Suzanne Stryk
Vortex with Blue Egg, mixed media on mirror, 30″ x 20″, 2015
Passing Time (Physics), mixed media on mirror, 15″ x 15″, 2015
Orbit, mixed media on mirror, 8″ x 8″, 2014
Funnel of Humming Time, mixed media on mirror, 15″ x 15″, 2014
Passing Time (Dragonfly), mixed media on mirror, 15″ x 15″, 2013
Bridge, mixed media, 27″ x 21″, 2013
Sacrament, mixed media, 27″ x 21 “, 2013
Urban Nest, mixed media, 12″ x 12″ x 2.5″, 2013
Notes on Bridge, Sacrament, and Urban Nest
The last three images are from Suzanne Stryk’s series Notes on the State of Virginia. Bridge (Ridge and Valley) comprises acrylic on paper (bird), a United States Geographical Service topographical map, a swallow genome printout, and rock dust on frosted Mylar (over map). Sacrament (Blue Ridge) comprises acrylic on Mylar and paper, a USGS topographical map, and ferns and leaf. Urban Nest (Northern Virginia |Washington Metropolitan Area) is composed of acrylic, road maps and other printed paper, grasses, a map, and a mirror. A video about Suzanne Stryk’s series Notes on the State of Virginia, which currently is traveling through the state, may be viewed on YouTube.
Artist Statement
On the prow of my kayak, a dragonfly twists its head robotically before darting into a swarm of midges gyrating over the water. I try to imagine being that hawk of an insect—fast flight, multi-faceted vision. I do to some degree. But what I really know is my own point of view. I give the dragonfly a name, “Comet Darner”; what’s more, in my mind, it becomes an icon of the entire ecosystem as I float there on the revered Shenandoah River. I imagine tiny coils of the insect’s DNA—life’s unseen instruction manual found in every cell, mine included. And I imagine mixing lacquer red and olive green to capture this dragonfly in paint.
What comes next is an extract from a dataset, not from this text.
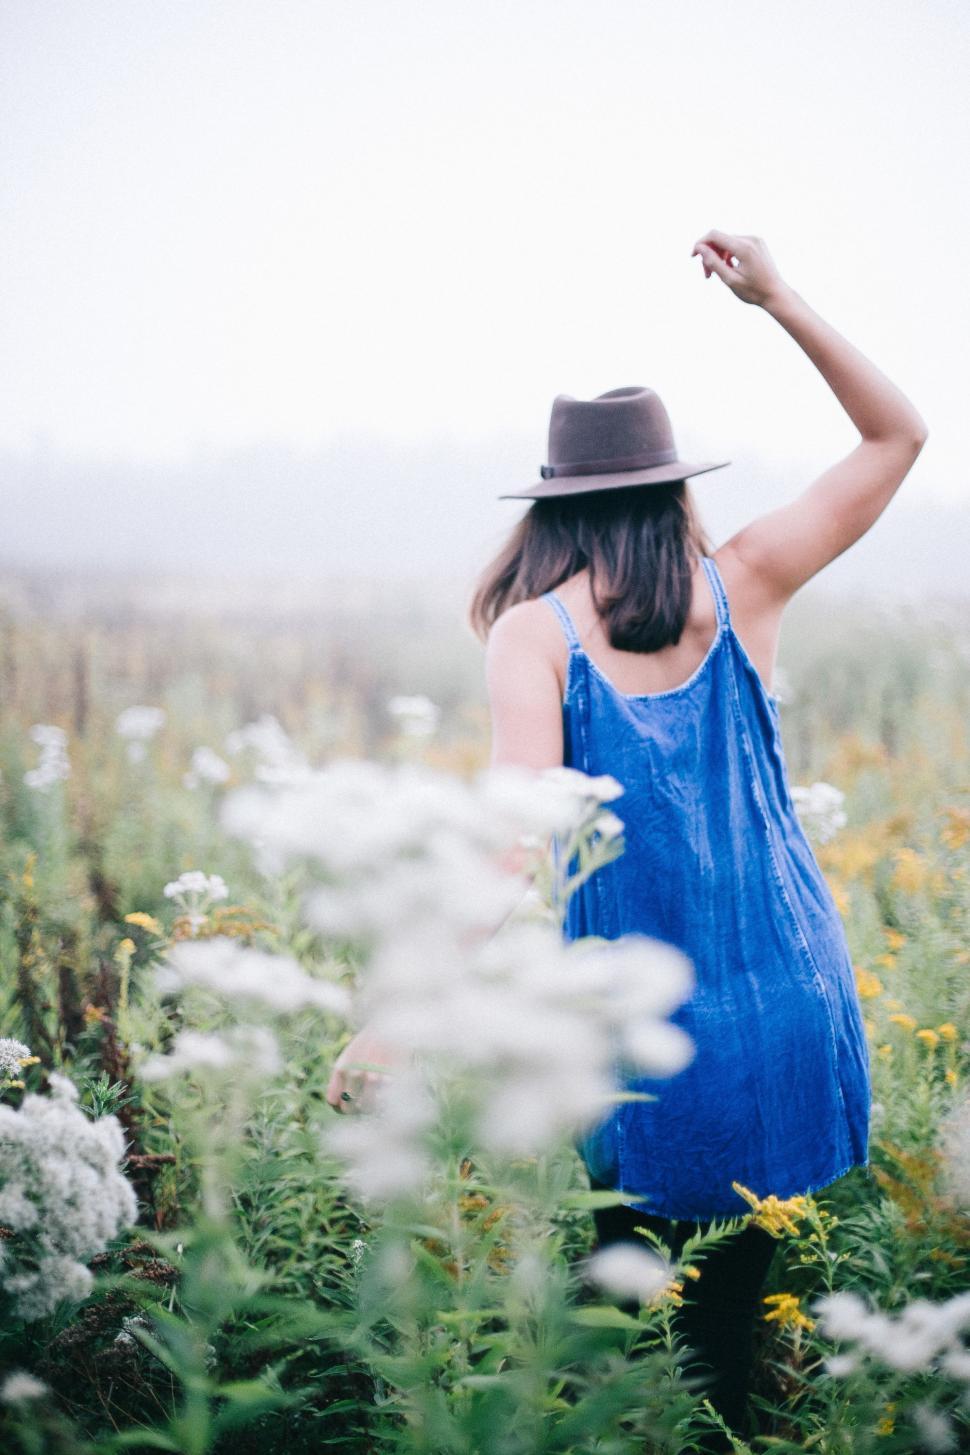 Free Image of Woman in Blue Dress and Hat in Field of Flowers

Such are the layers of experience and thought I combine in art. In my mixed-media pieces, I literally layer painted images of insects and birds (or their feathers, eggs, and nests) with pressed plants and old book pages or sheet music. A mingling of nature and culture.
All of these I assemble on a topographical map or tarnished mirror. I love these maps for their intricately undulating lines, lines that suggest how much we know about the land, and how much we don’t. And I love tarnished mirror, silver peeling off the back in places, so our reflections merge with an insect or feather painted on, or under, its gleaming surface.
About the Artist
Born in Chicago, Illinois, Suzanne Stryk currently lives in southwest Virginia. She has shown her conceptual nature paintings in solo exhibits through the United States, including the Morris Museum of Art (Augusta, Georgia), the United States Botanic Garden (Washington, D.C.), The Eleanor B. Wilson Museum (Virginia), and Gallery 180: The Illinois Institute of Art (Chicago). In 2005, a mid-career survey of the artist’s work, “Second Nature: The Art of Suzanne Stryk”, was organized by the William King Museum (Abingdon, Virginia), an affiliate of the Virginia Museum of Fine Arts.
Most recently, the solo exhibition “Suzanne Stryk: Notes on the State of Virginia” appeared at The Athenaeum, Alexandria, Virginia, from December 15, 2015, through January 31, 2016. It travels to the Museum of the Shenandoah Valley, Winchester, Virginia, where it may be seen from May through September 2016.
Suzanne Stryk’s images have appeared in numerous publications, with full portfolios in Shenandoah, Ecotone, Antennae: The Journal of Animals and Visual Cultures, and Orion. The artist and her husband, writer and poet Dan Stryk, create collaborative poetry-and-painting videos that appear on their blog Red Eft Editions.
Some collections in the United States and abroad that include Suzanne Stryk’s paintings are the Smithsonian (Washington, D.C.), The David Brower Center (Berkeley, California), The National Academy of Sciences (Washington, D.C.), Taubman Museum of Art (Roanoke, Virginia), and the D’Arcy Wentworth Thompson Art Collection (Dundee, Scotland). Suzanne Stryk’s series of drawings Genomes and Daily Observations appears in the Viewing Program at The Drawing Center (New York City).
The recipient of a fellowship from the Virginia Commission for the Arts (2011), for Notes on the State of Virginia, and of a grant from the George Sugarman Foundation (2007), Suzanne Stryk is represented by Blue Spiral 1, Asheville, North Carolina; and Cumberland Gallery, Nashville, Tennessee.